Secondly, the authors themselves point out the shortcomings (in the discussion) of their method of using aggregate checklist scores in comparison to assessing the impact of individual study quality items; additionally, they point out that the scores have not been formally validated. Thirdly, they also indicate that given the importance of this concern, even the unvalidated scores have been taken into consideration by an international consensus statement of Good Laboratory Practice in the modelling of ischemic stroke (Reference 39 in the paper).
Where is the reflection of these facts in Ms. Weaver’s report? I call it sloppy reporting.
An important distinction to be made is also the determination of what constitutes negative data. Is it merely the lack of the desired outcome, or any outcome? Is it the presence of an outcome in a control group where none is expected? Every bit of such data needs to be documented and reported beyond the notebooks of researchers for wider circulation, for it adds to the baseline knowledge.

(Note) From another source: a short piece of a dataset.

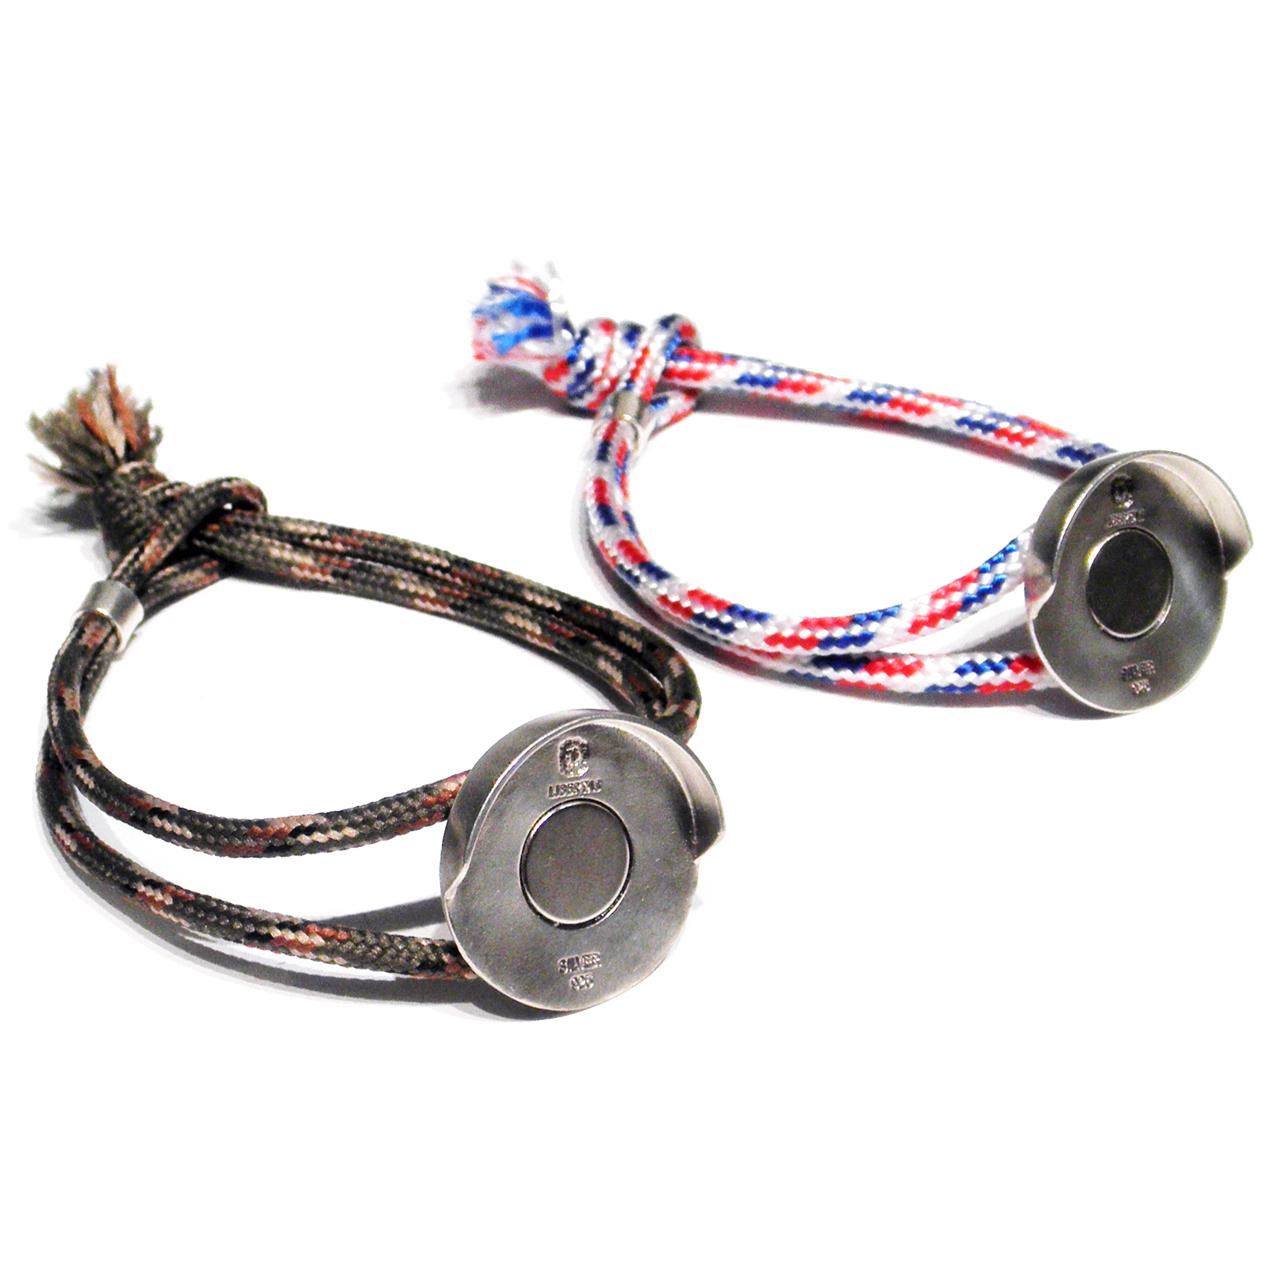 Bracelet Marker Holder LC (ゴルフボールマーカーアタッチメント)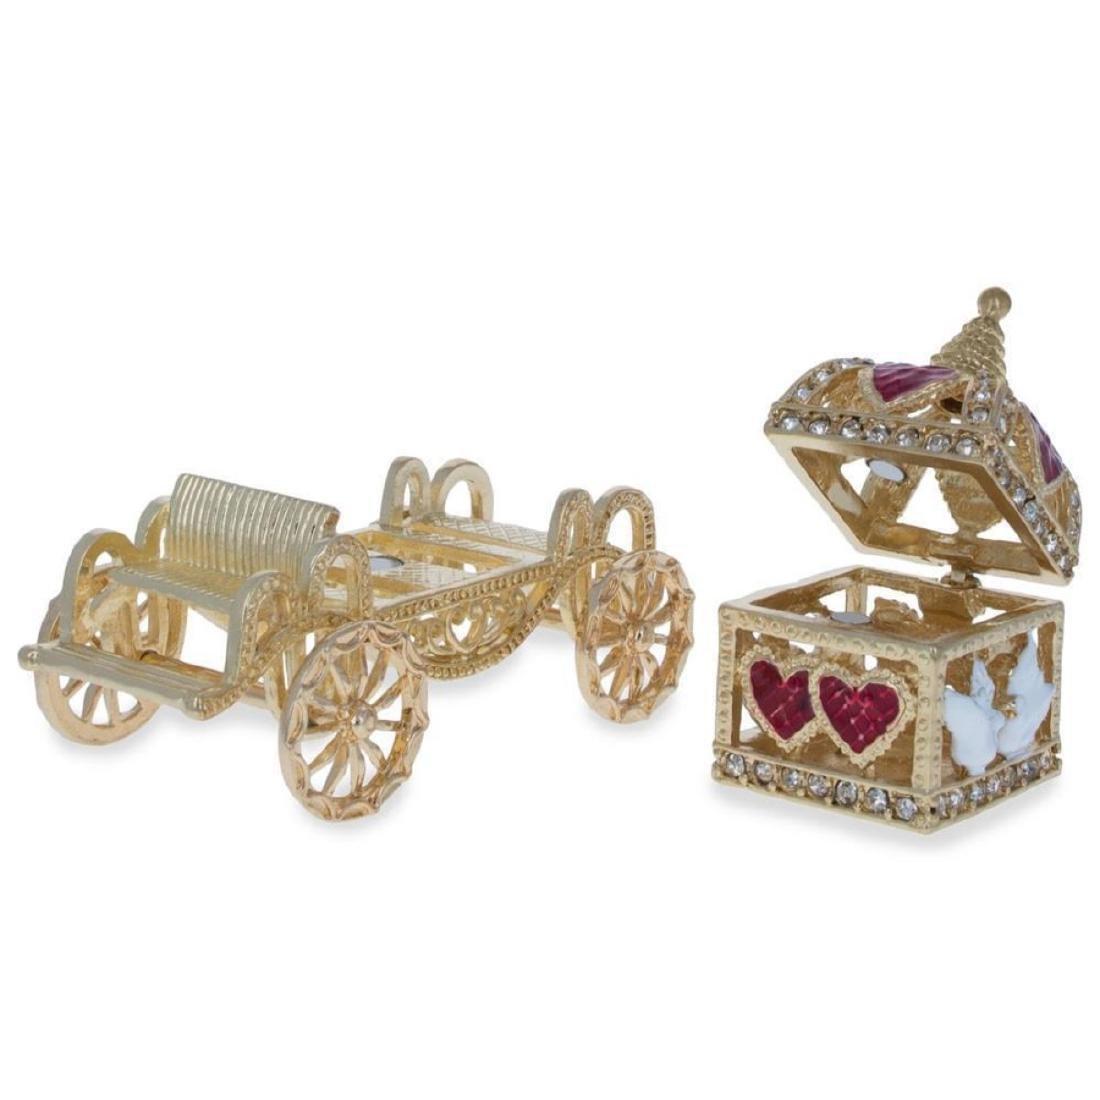 Royal Coronation Coach with Doves Trinket Box Figurine - 3

[Personal Anecdote Alert!] When I was working with murine systemic fungal infection models via the intraperitoneal route, I found that even in my negative control group, receiving plain sterile phosphate buffered saline, there was a cytokine response in splenocytes. After checking my reagents ad nauseam for endotoxin contamination and racking my brain, I finally found confirmation in a paper in an obscure journal which had also reported that plain PBS (Phosphate buffered saline; i.e. physiological saline to which phosphate salts have been added to maintain the pH to a near-neutral 7.2/7.4) irritates the peritoneal surfaces generating an inflammatory response and causing an early migration of neutrophils into the peritoneal cavity, and substantial migration of monocytes after 24 hours, as well as sustained protein leakage from 48 hours onwards. Though the paper considered this to be the baseline effect in the control group, the effect was undoubtedly present. I found that this effect could be alleviated by using plain isotonic saline instead of PBS, and switched to using saline. But if I had not found this paper, it would have been difficult for me – because normally one doesn’t find papers on the effects of PBS, a near-universally used buffer.
What is encouraging is that – as Ms. Weaver reported – a few journals, such as Nature Precedings, the Nature group journal – Journal of Cerebral Blood Flow and Metabolism (JCBFM), and a dedicated journal, the Journal of Negative Results in BioMedicine, are including negative results from rigorous studies. Echoing Ulrich Dirnagl, editor-in-chief of JCBFM – quoted in Ms. Weaver’s report – I, too, hope that the PLoS Biology study is among the first of many such required studies that can potentially convince professional societies and funding agencies to provide appropriate weightage to negative data and support the publication of such data for the benefit of researchers everywhere.